Dopo il crollo dell’Unione Sovietica, tutti abbiamo creduto al trionfo planetario della democrazia liberale. Di contro, solo pochi anni dopo, abbiamo scoperto che, come diceva Umberto Eco, spesso la storia procede all’indietro, a passo di gambero.
Si ponga mente all’epoca degli assolutismi nella quale veniva teorizzata l’origine divina dell’autorità regia. Poiché derivava i suoi poteri direttamente da Dio, il sovrano si ritene va infallibile (“king can do no wrong”) e “legibus solutus”, sciolto, cioè, da ogni vincolo di legge: praticamente, il re non era tenuto a rispondere a nessuna istanza terrena.
Con l’avvento del suffragio universale e della democrazia rappresentativa, la legittimazione popolare sostituisce l’investitura divina. La separazione dei poteri, un tempo concentrati nelle mani del sovrano, contempla l’attribuzione della potestà legislativa al parlamento, all’interno del quale operano i partiti che si disputano il consenso dei cittadini attraverso libere elezioni. La democrazia rappresentativa si fonda sulla centralità dei partiti, organizzazioni collettive da cui trae origine la leadership.
Con l’avvento della tv commerciale e dei social, la democrazia rappresentativa è stata soppiantata da una democrazia plebiscitaria in cui il confronto politico è stato dirottato in uno spazio pubblico del tutto inedito il quale, nutrendosi di prossemica, di immagini e di volti, ha finito per rendere anacronistica una entità impersonale come la tradizionale forma-partito. Nella democrazia plebiscitaria, che evoca la democrazia diretta dell’antica Grecia, le elezioni rappresentano il momento in cui il popolo non si limita a conferire un semplice mandato ma celebra una investitura “carismatica” che evoca quella monarchica.
In verità, esiste un filo conduttore che lega la concezione “legittimista” dell’origine divina del potere regio a quella “carismatica” teorizzata da Max Weber secondo cui il leader carismatico vanta la straordinaria capacità di “fare la storia”. Occorre dire che anche in questa teoria esiste un fondamento teologico. Infatti, Max Weber riprende il concetto di carisma mutuandolo dalla tradizione cristiana secondo cui l’autorità è un dono della grazia (carisma, dal greco, significa “grazia”) che viene esercitato dai capi e riconosciuto dall’intera comunità.
Questa breve digressione serve ad illustrare la fondatezza della vecchia battuta di Eco a proposito del cammino della storia che procede a passo di gambero.
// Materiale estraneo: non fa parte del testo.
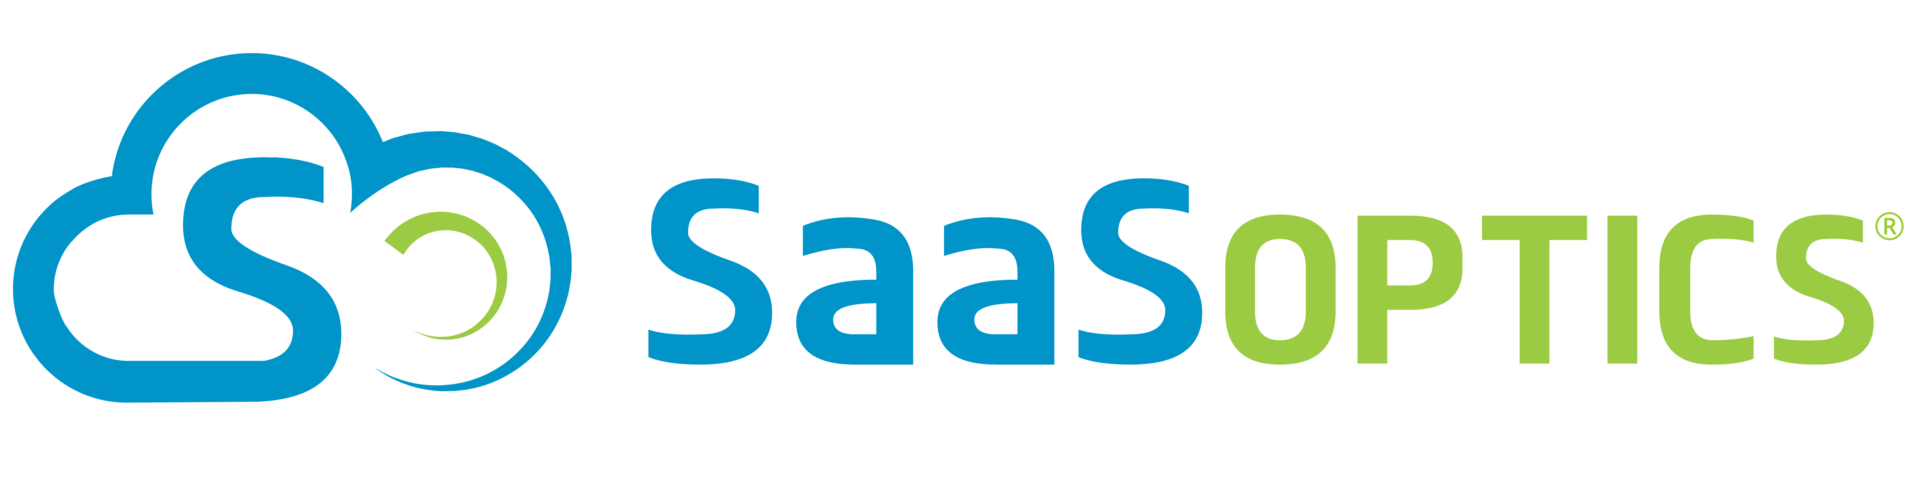 SaaSOptics Posts Record Year With 90 Percent Growth in 2018, Announces New Executives

Pertanto, se nella monarchia assoluta il re non può sbagliare perché deriva i poteri da Dio, nella democrazia diretta o plebiscitaria, che dir si voglia (per taluni, “democrazia illiberale”, oppure “democratura” o “post-democrazia”), nessuno può mettere in discussione il leader carismatico perché il popolo ha sempre ragione: mutatis mutandis, “the people can do no wrong”, il popolo non può sbagliare. L’identificazione del popolo con Dio conferisce un potere assoluto al leader carismatico che deve, quindi, rispondere solo al “suo” popolo che lo ha eletto e voluto: criticare il leader significa, pertanto, disprezzare il suo popolo. La conseguenza che ne discende è la dissoluzione dello stato di diritto perché nessuna istituzione, nessun giudice e nessuna norma giuridica può arrogarsi il diritto di sconfessare il popolo calpestandone la cieca fiducia nel leader.
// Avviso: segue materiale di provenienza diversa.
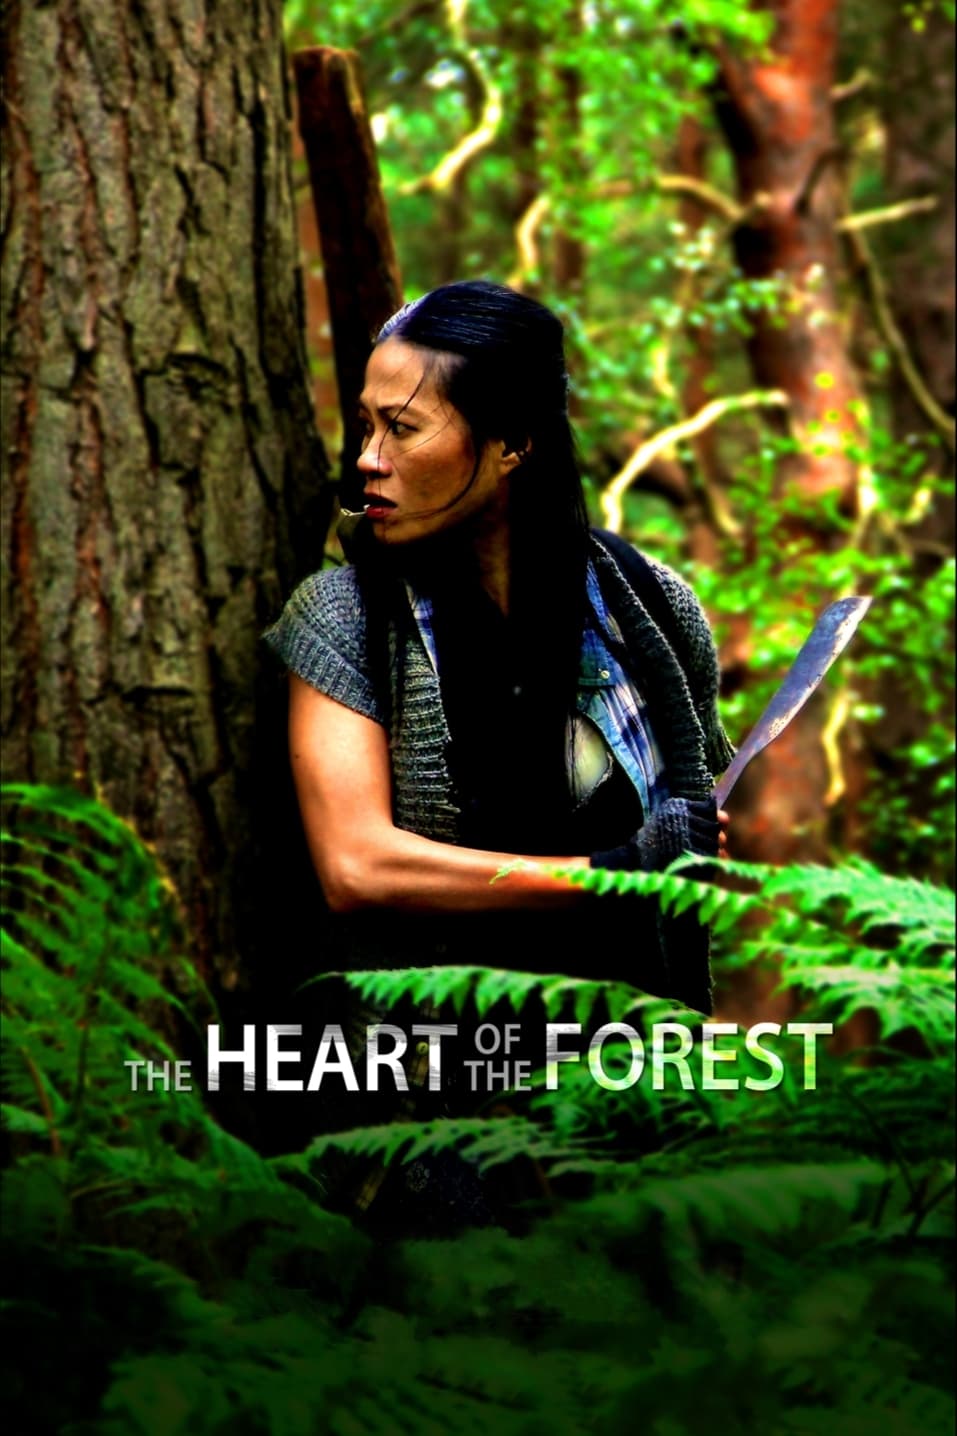 The Heart of the Forest film

In questo modo, cambiano i fondamentali della politica. La mediazione lascia il posto all’intolleranza e alla radicalizzazione del confronto politico nel quale prevale un approccio manicheo che divide il campo in “noi” e loro”: noi, cioè, il popolo; loro, ovverossia, l’élite. Popolo contro establishment, è questo il vecchio trucco populista con cui si tende ad occultare quell’irrefrenabile desiderio di autocrazia che serpeggia da tempo in Europa. Donald Trump, Putin, Orban, Erdogan, Lukašėnka, dimostrano che tira davvero una brutta aria sotto i cieli dell’Occidente.